Grenzenlos schwach

Die Diversity-Lüge

Da stellt sich einer in die Küche und bereitet 10 unterschiedliche Saucen vor. Lässt jeder einzelnen viel Arbeit und Zeit angedeihen um nicht nur einen beliebigen, sondern den besten „Café de Paris“ hinzukriegen, die beste Curry-Sauce, den besten Knoblauch-Dip. Und dann – wenn er fertig ist – schüttet er alles in einen Topf und verrührt die Chose. Was er danach noch tut, spielt keine Rolle: Ob er den Einheitsbrei in einer Schüssel lässt oder ihn in zwanzig Schüsselchen verteilt – es bleibt Einheitsbrei.

Genau dasselbe passiert überall dort, wo Grenzen aufgehoben werden: die Vernichtung von Vielfalt. Es ist das Gegenteil von Buntheit und Diversity. Es ist am Ende nur eines: Zerstörung von Individualität.

Diesem Widerspruch zum Trotz, wird die Diversity-Lüge geglaubt. Seit Jahrzehnten. Grenzen sind nach und nach Synonym für Eingeschlossensein, Einschränkung, Kurzsichtigkeit und Isolierung geworden. Sie werden gleichgesetzt mit Stagnation, Rückschritt und Reaktion. Wer als offen gelten will, als modern und fortschrittlich, hält sie für unerwünscht und für zugehörig zu einem überkommenen System von Vorurteilen.

Denn: Der offene, gute Mensch, so lautet die Lehre, hat keine Vorurteile im Sinn einer Vorbestimmtheit dessen, was er sieht. Alles hat gleichgestellt zu sein. Eine „Ordnung der Dinge“ ist ebenso negativ wie Trumps Mauer, ein natürliches Zusammengehören oder Nicht-Zusammengehören ist meinungsmässiger Stacheldraht. Wer sich vom schlechten Menschen zum guten hochsozialisieren will, meidet sie. Einen heute zu fragen, woher er komme, anstatt sich auf ein vages „Wer/was bist du?“ zu beschränken, gilt im Zirkel der Guten schon als Rassismus.

Was unterschlagen wird dabei: Grenzen schaffen Unterschiede. Unterschiede erschaffen Bedeutung. Im Unterschiedlosen dagegen wird Bedeutung, werden Sie und ich, Staaten, Städte, Dörfer, Kulturen, Sprachen und Familien ausgelöscht.

Zu behaupten, die Auflösung von Grenzen zwischen Staaten, zwischen Öffentlichem und Privatem, zwischen Göttlichem und Menschlichem, zwischen Geschlechtern, zwischen Wissenschaften, zwischen Individuum und dem Durchschnitt einer Gruppe, schaffe Vielfalt und Buntheit, ist eine Lüge. Es ist nicht Vielfalt, die so entsteht – es ist sinn- und bedeutungsloses Niemandsland.
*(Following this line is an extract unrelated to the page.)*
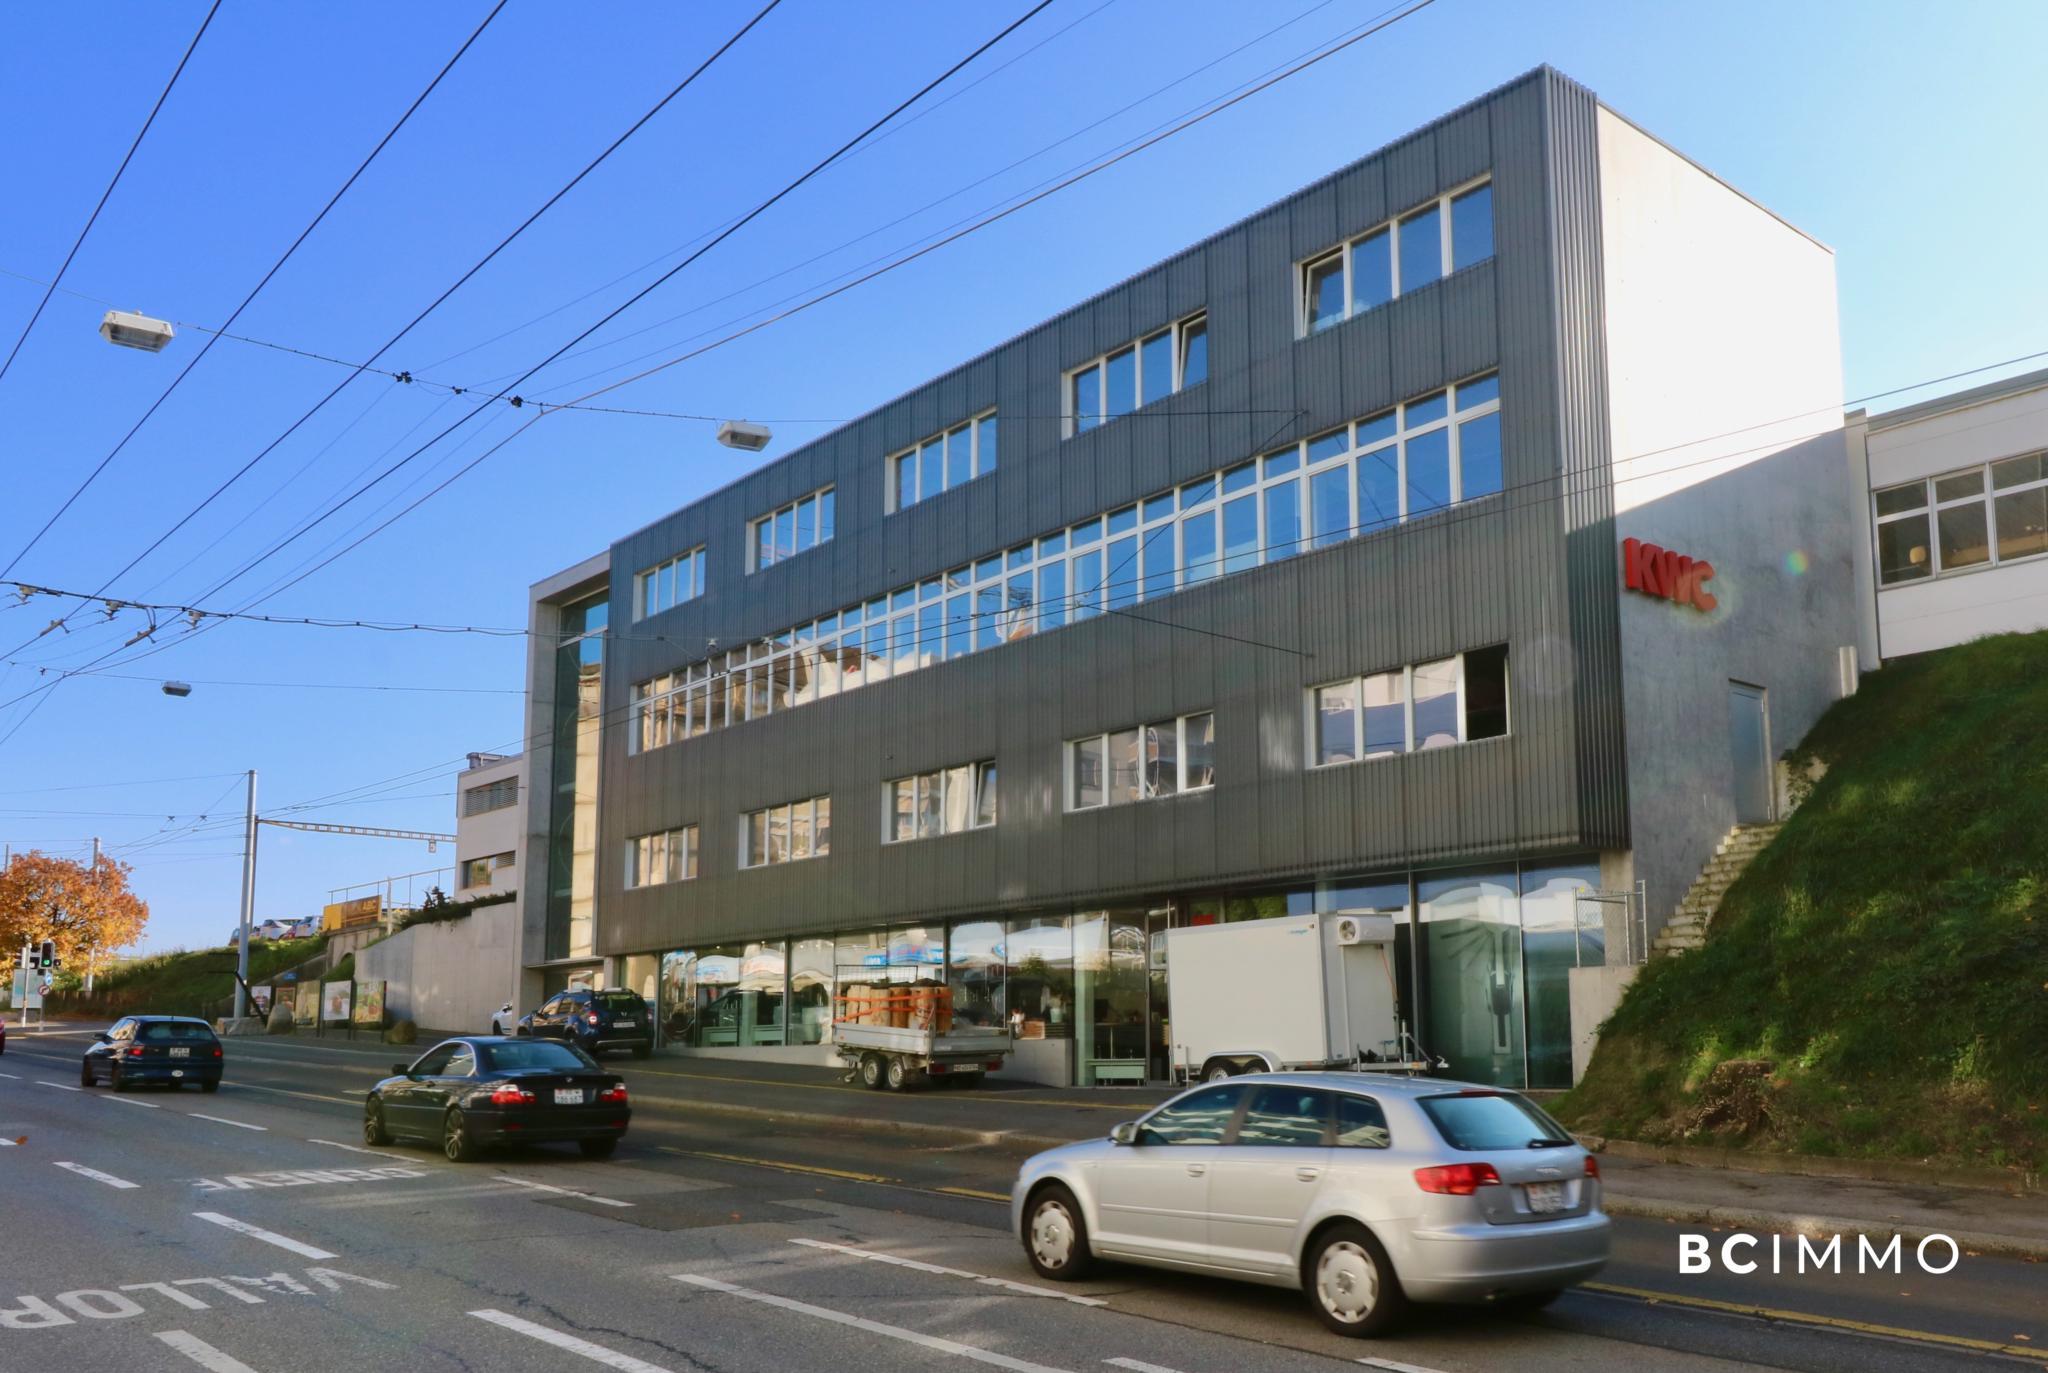 BC Immo - Locaux commerciaux | Avenue de Morges, Lausanne - 1004HBL149
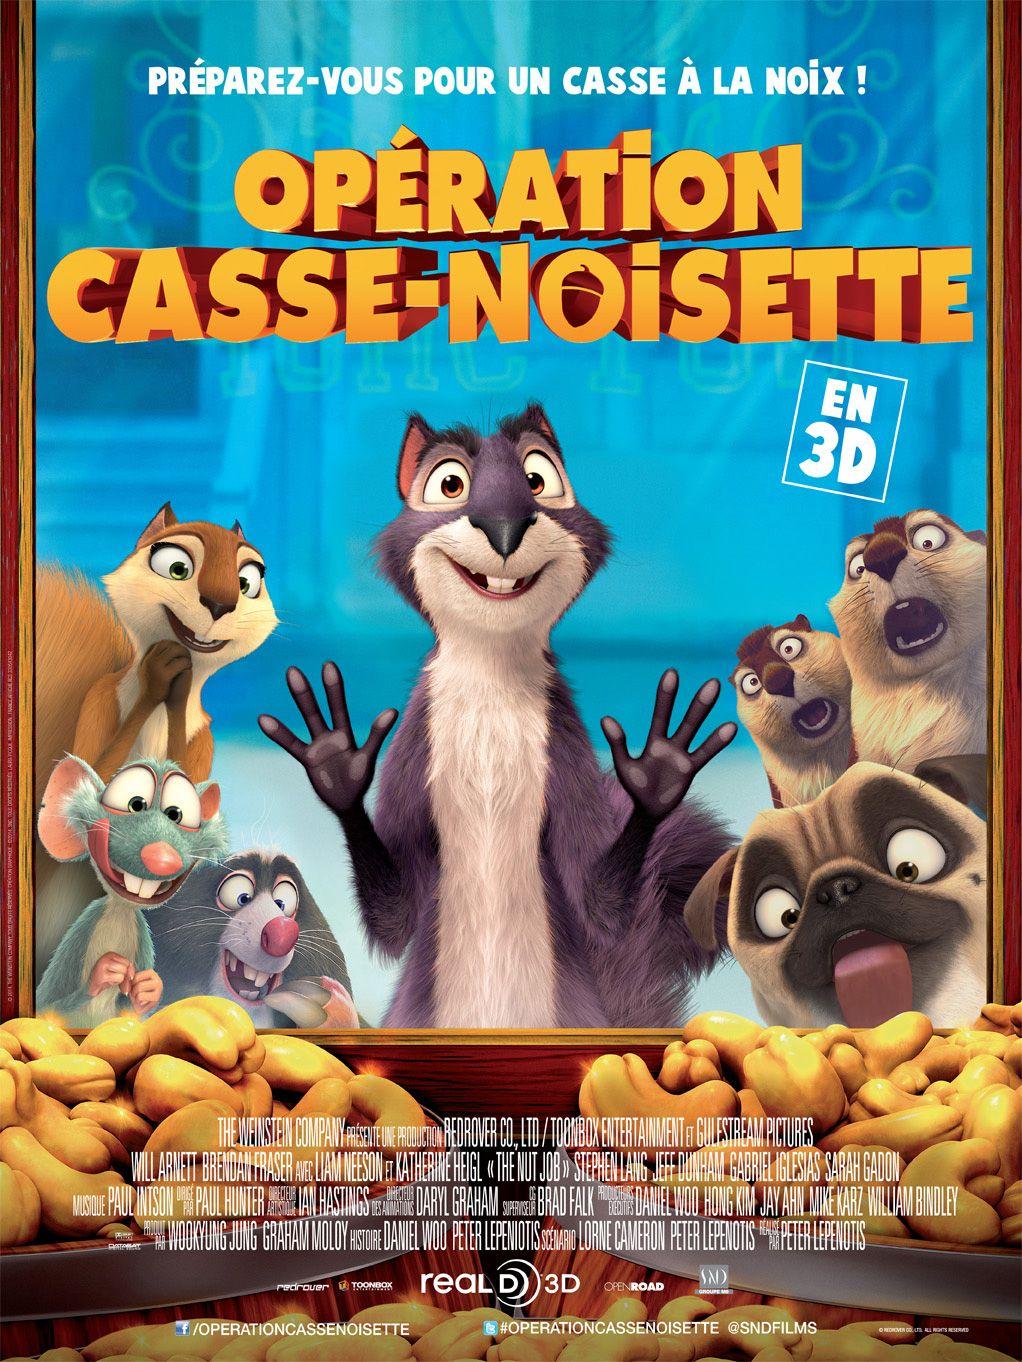 Mon Avis Sur Le Film D Animation Operation Casse Noisette Vraiment Decevant Il Porte Bien Son Nom Films Pour Enfants Casse Noisette Film

Bevölkert von Massenmenschen, die zu schwach sind und zu egoistisch für die Wirklichkeit und die nur noch pürierte und vorgekaute Bilder der Wirklichkeit ertragen. Am besten mit sich selbst als Hauptgegenstand. Und das nennt sich dann Individualität.

Dass diese Doktrin von der intellektuellen, medialen und politischen Elite gewünscht und gefördert wird, macht im Gegensatz zu ihrem Inhalt durchaus Sinn: Grenzen bedeuten Widerstand. Und: wo keine Grenzen , da kein Widerstand. Durchregieren wird zum Kinderspiel. Umso mehr, wenn man es schafft, mit dem Geld, das man den wenigen noch Produktiven unter Gewaltandrohung stiehlt, dort Grenzen hochzuziehen, wo von Natur aus keine wären: Zwischen den eigenen Leuten und zwischen dem Individuum und seiner Verantwortung. Es ist nichts anderes, als die Abschaffung von Freiheit und freier Kooperation zwischen den Menschen. Es ist die Zerstörung von Gemeinschaftssinn, freiwilliger Solidarität, Nächstenhilfe und echter Kraft.

Noch Fragen?

 

5 Gedanken zu “Grenzenlos schwach

  1. Kein gutes Beispiel, da Soßen eine Raffinesse darstellen, die es nur dort hat, wo Wohlstand herrscht und GUTE Sossen sind es schon gleich gar nicht.
    Die Ansprüche sind ganz tief – völlig soßenfrei.
    Egal wie das Essen ist, egal wie die Frau ist, egal wie die Kleidung ist. Das Ziel ist nicht Wohlstand sondern Freizeit.
    Erhöhe einer deutschen Soße das Einkommen und sie fließt motivierter zur Arbeit.
    Mach selbiges mit fremden „Soßen“ und sie fließen nur noch jeden 2ten Tag ein.
    Nahrung ist ortsgebunden. Etwas das im Urlaub schmeckte, ist zu Hause irgendwie nicht so lecker -.so ähnlich wie der Tomatensaft im Flieger.
    Soßen schmecken eben nicht überall gleich gut. Deswegen ist eine Soße nicht unbedingt verdorben, sie braucht einfach ihr eigenes Beiwerk um zu glänzen. Und selbst dann, kann es passieren, daß ich sie nicht mag – in meinem Fall war es Hammel mit Pfefferminzsoße in Australien.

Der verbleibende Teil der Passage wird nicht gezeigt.